Basada en la novela histórica del mismo nombre de Robert Littell, The company es un thriller de acción que rastrea las actividades de una CIA sometida al fuego continuo del KGB a través de medio mundo, desde Moscú hasta Berlín, desde Budapest hasta Londres, desde Washington hasta Cuba.
Una de las claves de su éxito es su potente reparto encabezado por Chris O’Donnell (Límite vertical), Alfred Molina (Seda) y Michael Keaton (Batman).

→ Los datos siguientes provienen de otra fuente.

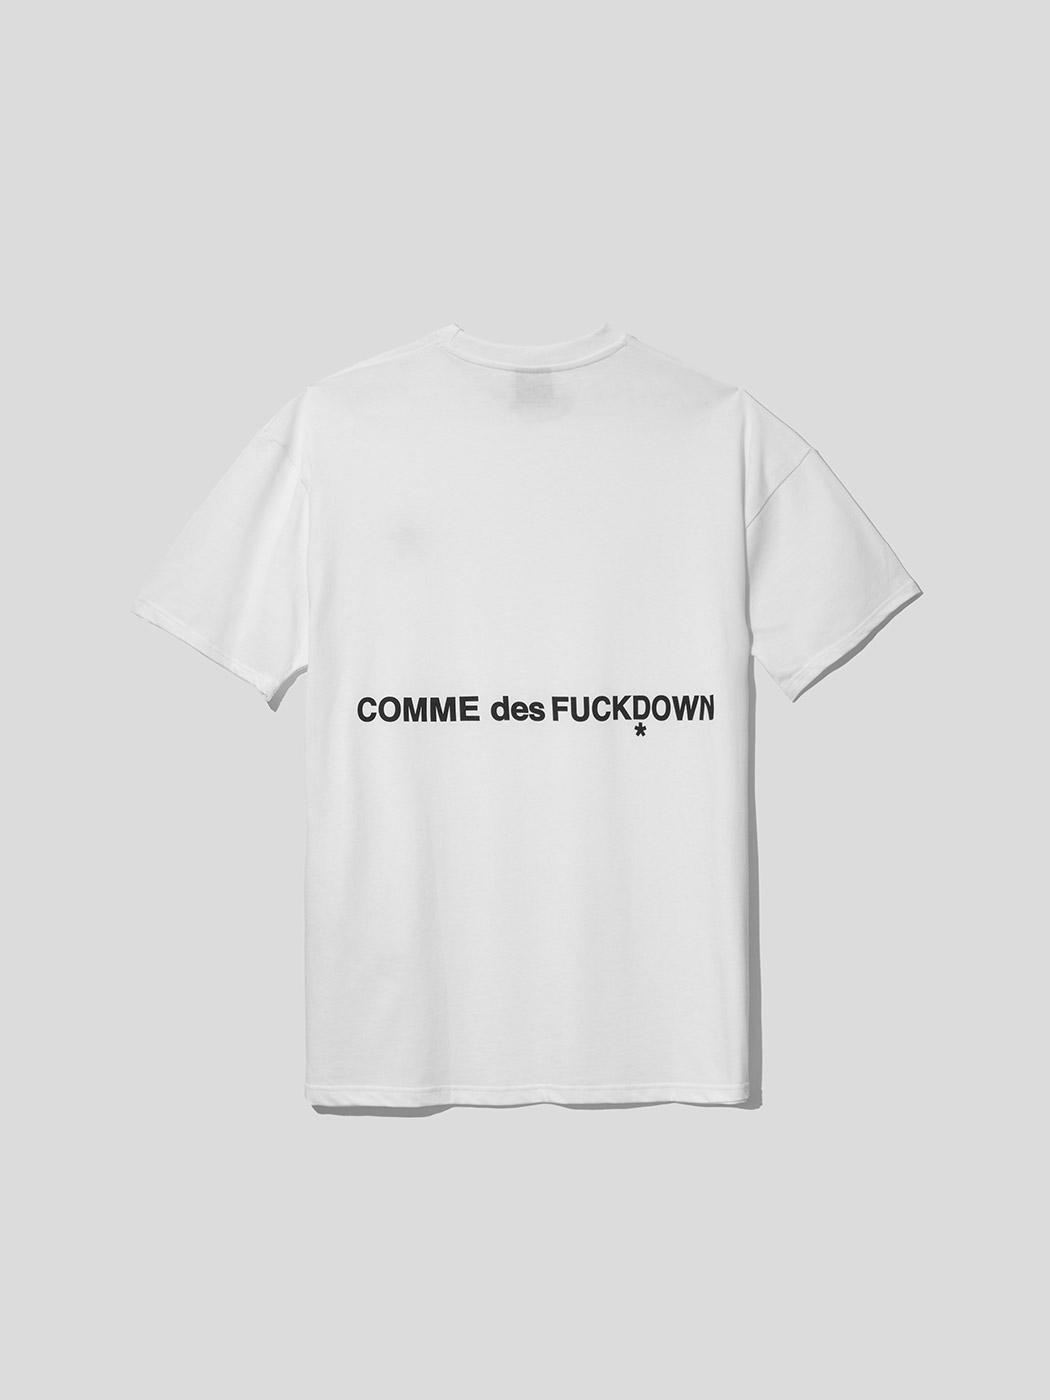 T-SHIRT - CDFU1242 - COMME DES FKDOWN
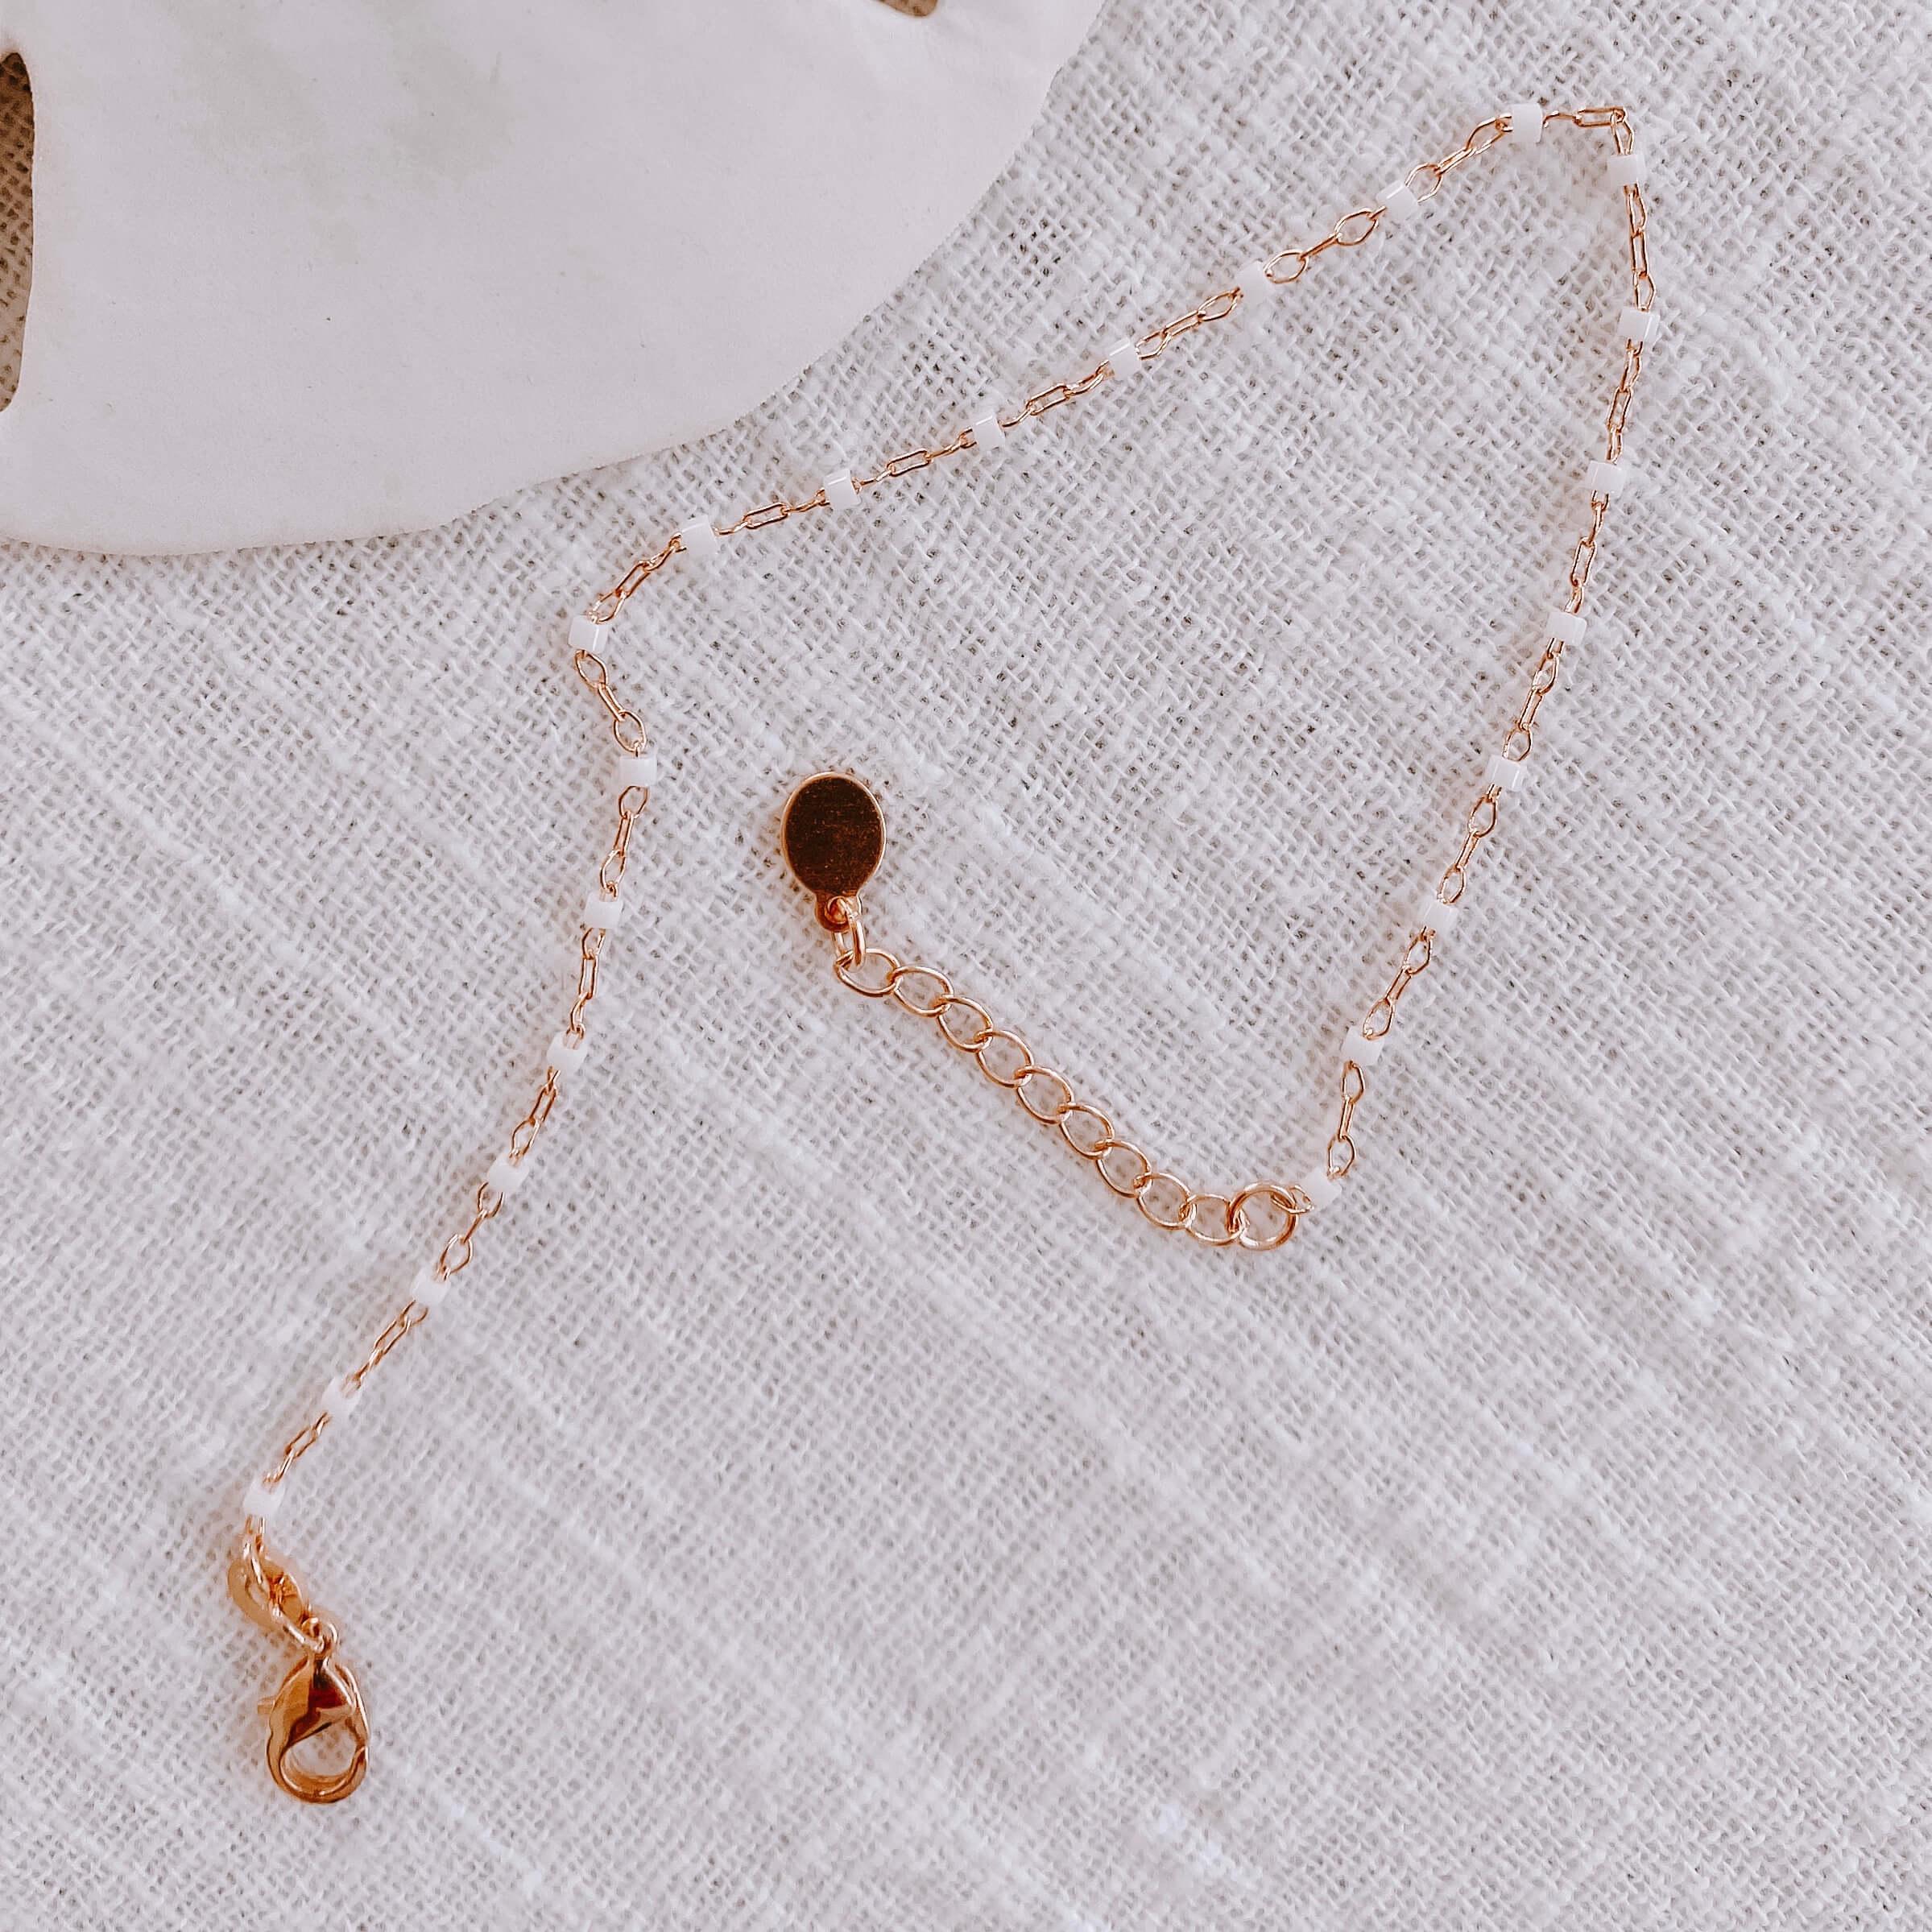 bracelet petites perles miyuki - bracelet perles blanches Cénélia - Jana

Además, la fiel recreación de los lugares así como su cuidada ambientación (los pasos en las zonas de ocupación en Berlín de los años 50 o los tanques soviéticos en las calles de Budapest en 1956, por ejemplo) son algunos de los aspectos más valorados por la crítica y el público en general. Todo ello con un presupuesto de 38 millones de dólares.
La serie, que cuenta con seis nominaciones a los Emmys, está producida por Ridley Scott y Tony Scott (Numb3rs, Los pilares de la tierra -miniserie que acaba de adquirir Cuatro-). The company fue emitida en agosto de 2007 por la cadena americana TNT, que calificó este trabajo como el evento televisivo del año.

La historia de un espía
Tres jóvenes idealistas, amigos de la universidad son reclutados para el mundo del espionaje: Jack McAuliffe (Chris O'Donnell) y Leo Kritzky (Alessandro Nivola) para la CIA y Yevgeny Tsipin (Rory Cochrane) para el KGB. Años después, se encuentran en bandos opuestos durante la Guerra Fría.
Joven, elegante, inexperimentado e ingenuo, Jack McCauliffe es enviado a la legendaria base de Berlín para trabajar con un hombre que se convertirá en su mentor: el excéntrico y original Harvey Torriti, alias El hechicero (Alfred Molina). Jack y El hechicero se sentirán presos de su doble vida, combatiendo a un enemigo amoral y evasivo pero formidable, y librando una batalla implacable y mortal dentro de la misma CIA.
Con la colaboración del Jefe de Contrainteligencia, James Angleton (Michael Keaton), vivirán el infierno de descubrir a los topos que se esconden en sus propias filas antes de que las operaciones que emprende la compañía sean boicoteadas y neutralizadas.
A medida que profundizan en el juego del espionaje, algunos de estos agentes y dobles agentes son capaces de mantener la cabeza fría y de no implicarse personalmente. No es el caso de Jack, a quién el coste de vidas humanas le llega a afectar profundamente. Además, su lucha contra el amor que siente por una atractiva informadora enemiga se volverá cada vez más difícil.